I reached for the spatula, oddly calm. I'd read the paragraphs in Dr. Spock's baby book about the ways children cope with death. Okay, I was fifteen, not a child, but information was information. He didn't talk about hearing voices. So was this real?
She said, "You've got that syrup turned way too high."
Sure enough, a brown scorchy smell was edging into the kitchen, and the syrup's surface looked sticky and pocked. I turned the gas burner down to that barely steady level where you don't want to breathe because you're afraid you'll blow it out, then I flipped the pancakes. Maybe I should have started to panic. Instead, I stared down at the half-done pancakes, touched one with the tips of my fingers. It was warm, springy, real; I loved the shade of brown pancakes when they were done just right. There was nothing else like that color. That was something Mama had always said: What she liked best was anything there was nothing else like.
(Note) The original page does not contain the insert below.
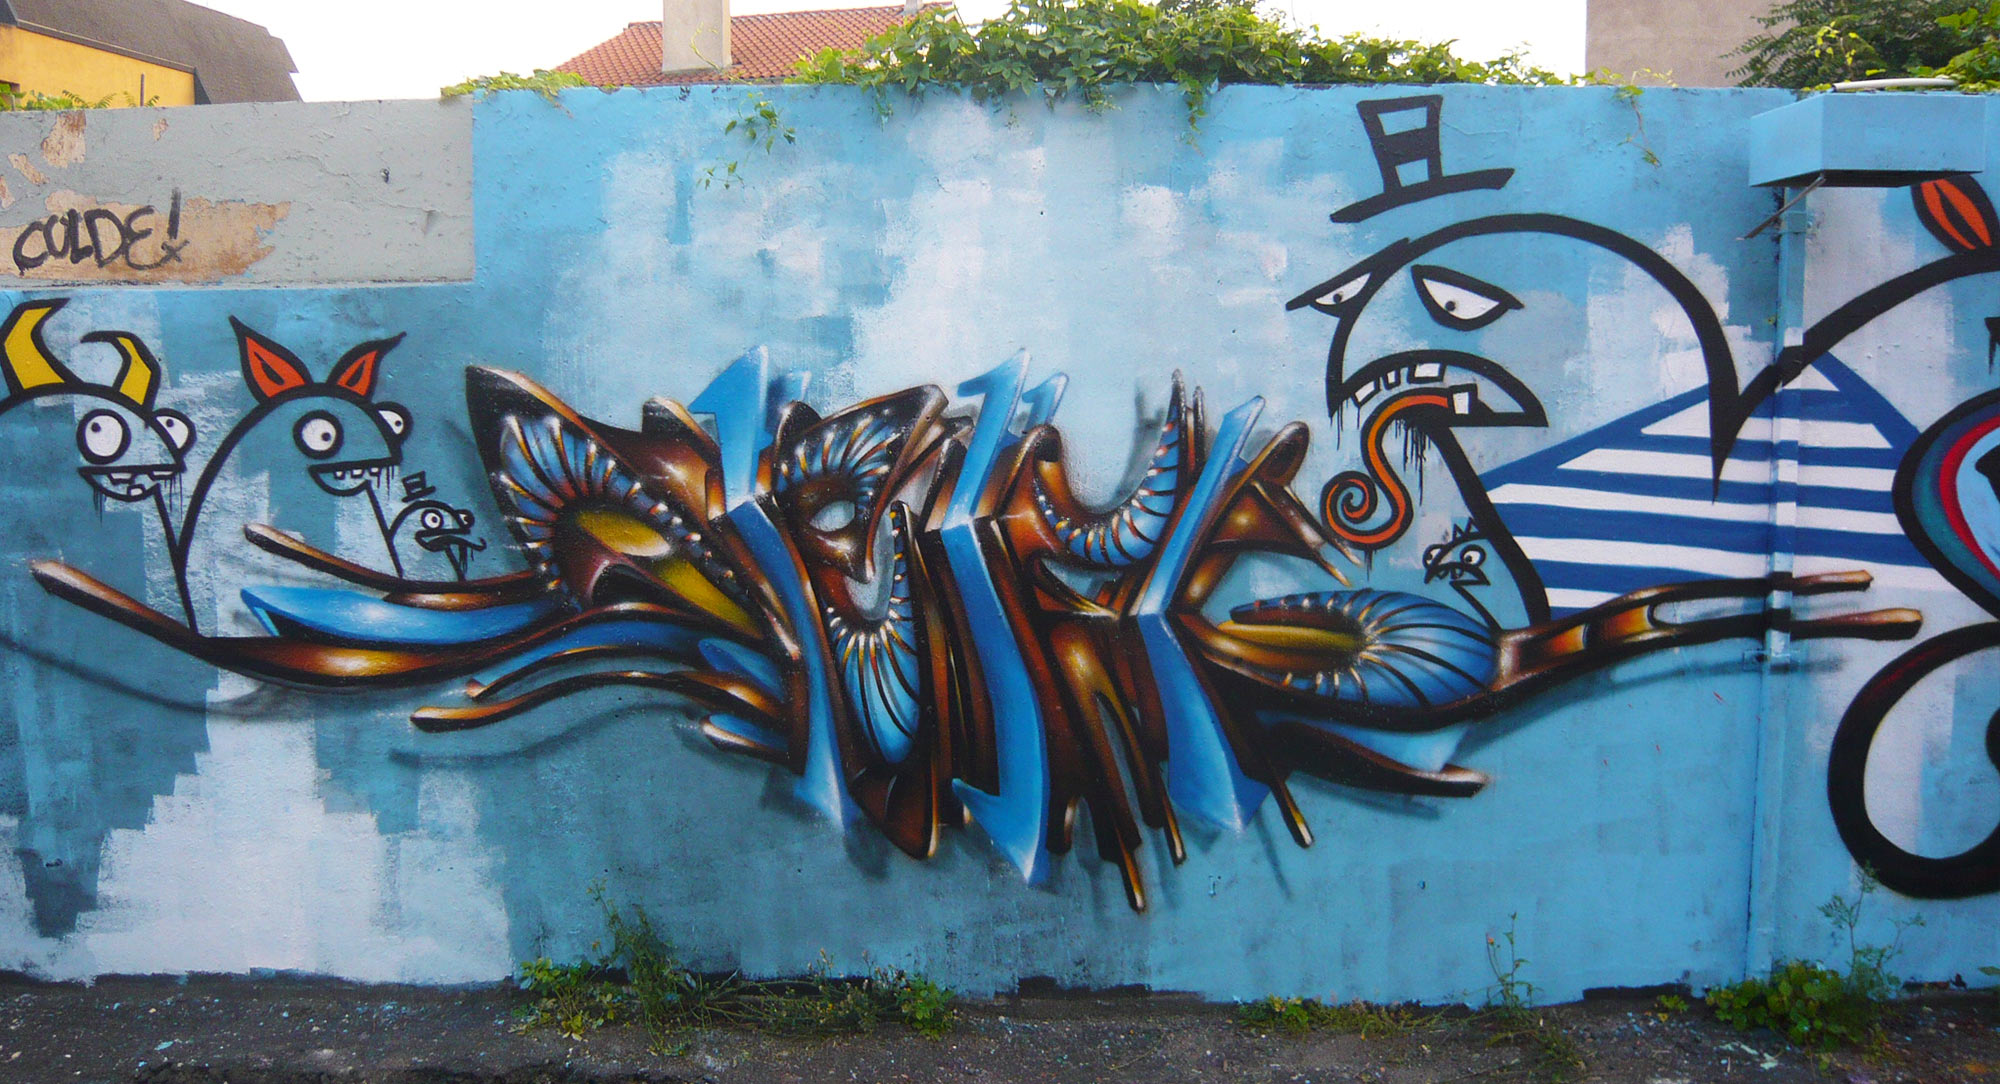 deft_golden_graffiti_1

Again: "I want you to know I'm right here." Her words floated like dandelion seeds, breathy, shadowy whispers -- nothing like the way she had talked when she was alive, loud and too fast, so I always felt a sentence behind, my ears straining to catch up, not wanting to miss a word she said.
This was crazy. I yanked my germy hand off the pancake, cleared my throat."Okay." My voice felt too big in the kitchen. Maybe this was a dream, though the smell of pancakes, the rising steam, the flour splotches on the counter all seemed real enough. I poked the spatula under the edge of one pancake -- done -- then carefully stacked the pancakes on a plate, draped them with a tea towel, popped the plate into the barely warm oven.
"Aunt Aggy likes bacon at breakfast," she said.
"I know," I snapped. But I'd forgotten about the bacon. Wasn't it enough that I was making pancakes the first Sunday after my mother died? She had always made pancakes on Sunday morning, so here I was. I banged shut the oven door with one foot, then started to cry. My eyes were puffy and sore from nearly a week's worth of crying, and my nose was rubbed raw, so I tried to stop, lifting my elbow to my face so I could muffle the sobs and blow my nose into the sleeve of my brother's old Vikings sweatshirt. I had no pride about that sort of thing anymore. Last night at supper, I'd used the corner of our red-checked kitchen tablecloth after my paper napkin had gotten soaked through into damp shreds.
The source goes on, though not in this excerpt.